В одной строфе слились и только что явившаяся «Широка страна моя родная… Человек проходит как хозяин», и полемика с «Но ближе к милому пределу мне все ж хотелось почивать».

Поразительным образом цикл о новом универсуме кончается обстоятельной мыслью о смерти – казалось бы, вопреки уже укоренившемуся советскому взгляду на смерть как на досадную случайность, о которой давно уже было принято говорить в печатных текстах лишь в том случае, если это жертва в пользу родины. Здесь – вполне классическое рассуждение о смерти («День каждый, каждую годину…» и т. п.) – и нет мысли о подвиге и жертве:

Под кустиком первым, под камнемКопайте, друзья, мне могилу,Где лягу – там будет легка мнеЗемля моей родины милой.

Описание универсума кончается высокой патриотической нотой – о «родине милой» – и вместе с тем вполне приватным отношением к собственной смерти.
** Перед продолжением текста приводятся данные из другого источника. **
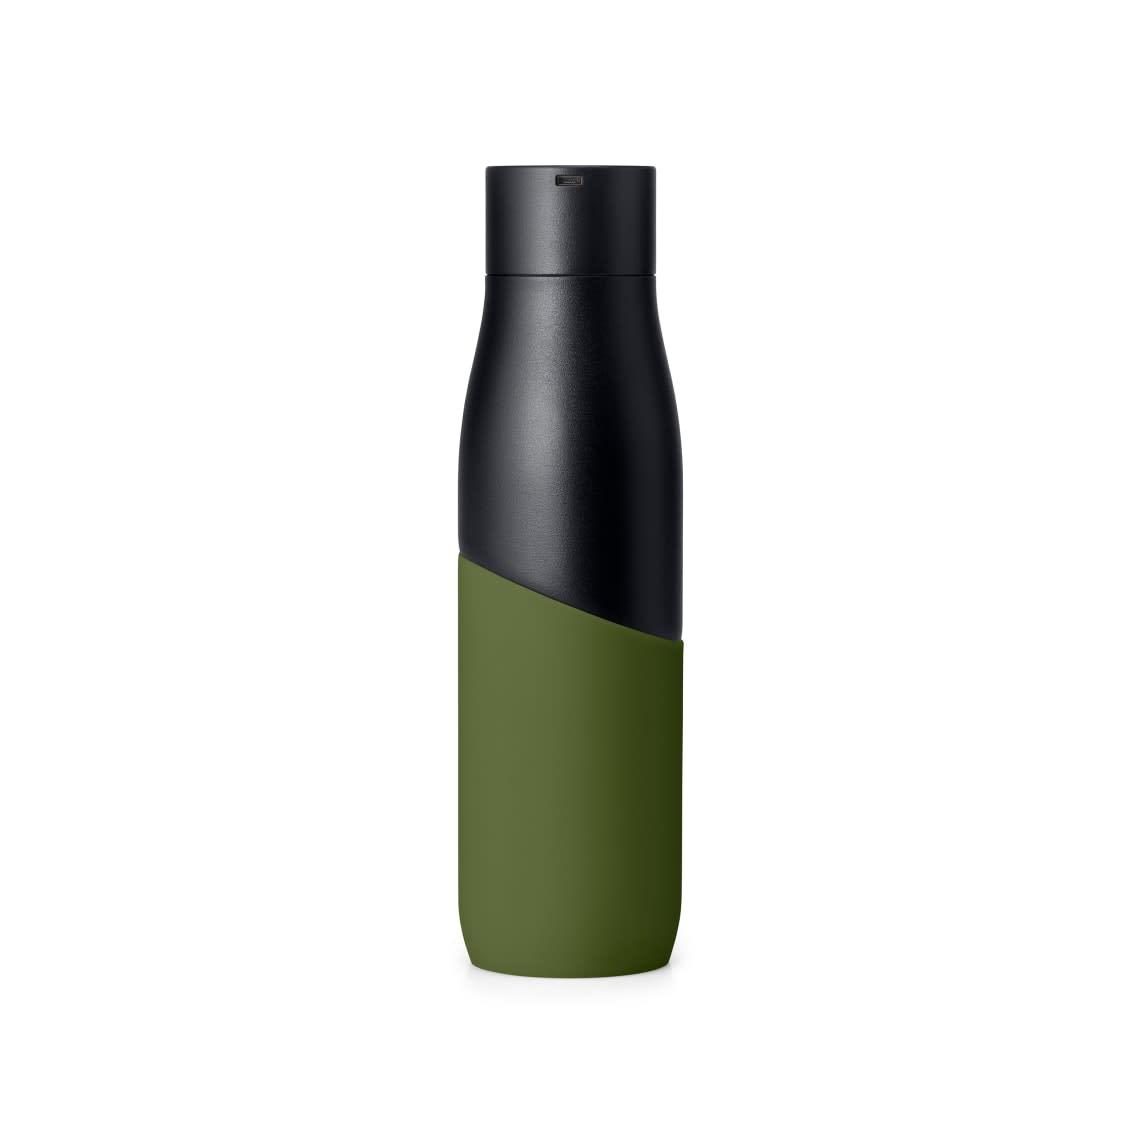 LARQ Bottle Movement PureVis - Black / Pine

Универсум в конечном счете утверждается на родной земле – на почве, и его сочлен возвращается к библейскому «из праха я вышел – и в прах вернусь».

6

Теперь можно предположить, что для Твардовского лирика Симонова – со всеми ее уже очевидными читателю особенностями – стала разрушением столь основательно созданного в его собственной лирике мира – его универсума, полного гармонии, лишенного не только демонизма, но и какого-либо оттенка неразрешимости, безнадежности, отчаяний, мучений, причиняемых людьми друг другу.

Теперь понятны его не угрожающие, а, скорее, отражающие некую растерянность слова: «Идея революции не ощутима ни в прозе, ни в стихах Симонова».

Им самим затрачены огромные усилия на обретение баланса – его лирика идеологична, но в ней есть поэзия (напомним хотя бы «Песню»). А тут этот баланс не только нарушен, а будто отброшена сама его необходимость.

Но смятение Твардовского имеет еще более глубокие истоки.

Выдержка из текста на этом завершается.